In people genetically predisposed to celiac disease, the cells of the immune system triggered by contact with gluten, attack the mucosa of the small intestine destroying the villi (small finger-shaped bumps responsible for the absorption of various nutrients and minerals that through the wall of the small intestine end up in the blood) and determine, in the long run, malabsorption and malnutrition. The essential factors, therefore, for the development of celiac disease are:

  • The environmental factor: a diet with cereals containing gluten;
  • The genetic factor: presence of specific sequences (HLA-DQ2 and HLA-DQ8) in the genes that define the structure with which our immune cells recognize the different elements that meet them.

In the absence of these DNA sequences, the diagnosis is virtually excluded or highly unlikely. Since only 30% of the world population develops celiac disease with these sequences, other factors are also necessary; a role of too early gluten exposure or of a rotavirus intestinal infection in childhood has been hypothesized. On the contrary, according to the American National Institute of Diabetes, Digestive and Kidney Diseases, breastfeeding would seem to play a protective role or at least delay its appearance.
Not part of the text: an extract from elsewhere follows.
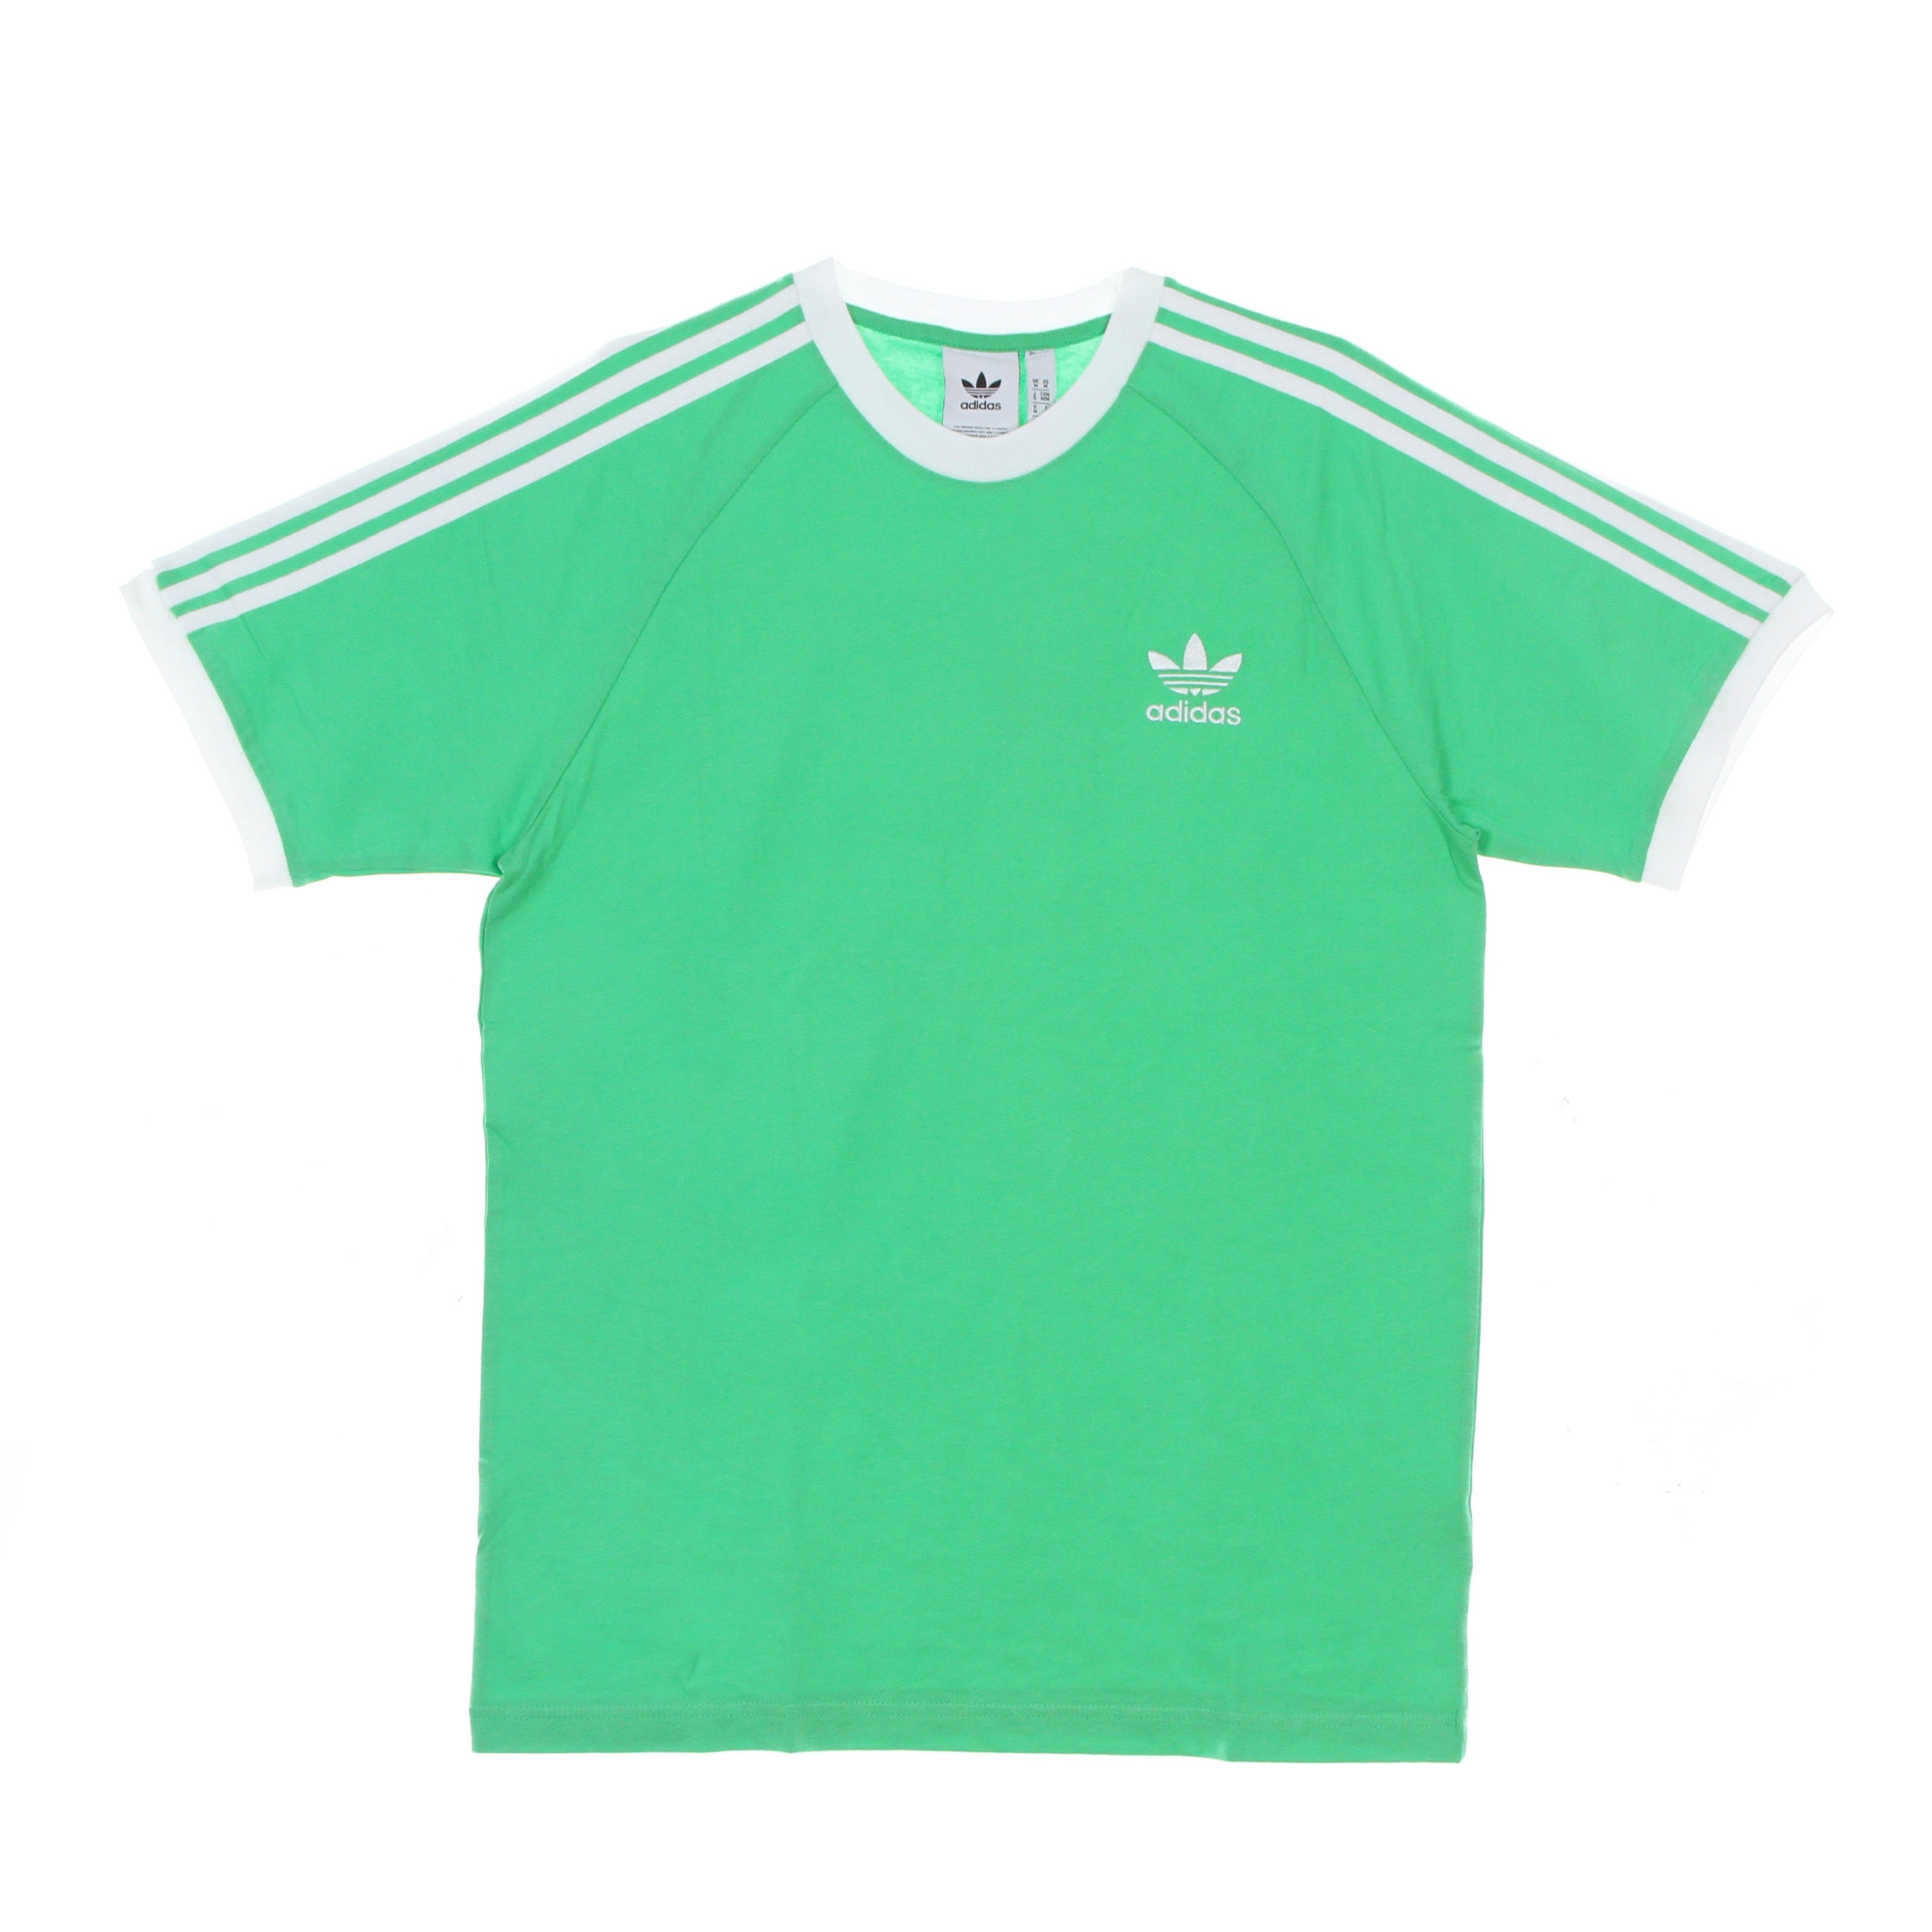 Adidas, Maglietta Uomo 3 Stripes Classic Adicolor Tee, Semi Screaming Green

The diagnosis of celiac disease follows well-defined guidelines. In subjects at high risk of celiac disease due to family history, the appearance of symptoms attributable to it or the presence of a frequently associated disease, the first test performed, using a simple blood sample, is the dosage of the specific antibodies produced in the blood in response to the presence of gluten (anti-trans-glutamines and anti-endomysium antibodies). The test does not require special preparation rules. As with most blood tests, the patient must fast. Patients with the presence of these antibodies in the blood are subjected, to confirm the diagnosis, to the execution of the biopsy (a sample of a fragment of tissue) of the mucosa of the first part of the small intestine, the duodenum, in order to document a flattening (a disappearance) of the intestinal villi.  The biopsy is performed during an esophagus-gastro duodenoscopy.

Genetic analysis, carried out through DNA examination, reveals whether one is predisposed to the disease (the presence of the predisposing genes, HLA-DQ2 and HLA-DQ8 is sought). This test should not be performed routinely and should be reserved only for cases in which the antibody dosage and duodenal biopsy, as well as the symptoms, are not entirely clear. In the presence of the disease within a family, given its characteristic genetic transmission, it is advisable to screen antibodies in all first-degree relatives of the patient.

Celiac disease is included in the field of social diseases and chronic diseases and, as such, is subject to certification of illness to be carried out at the Reference Centers and Regional Network Presidia (exemption RI0060).


The only therapy currently available for people with celiac disease is the complete and lasting exclusion from the diet of all possible sources of gluten, even those that are hidden (gluten can be present in canned foods, sauces and packaged soups, but also in cosmetics and medicines, as an additive, preservative or flavoring).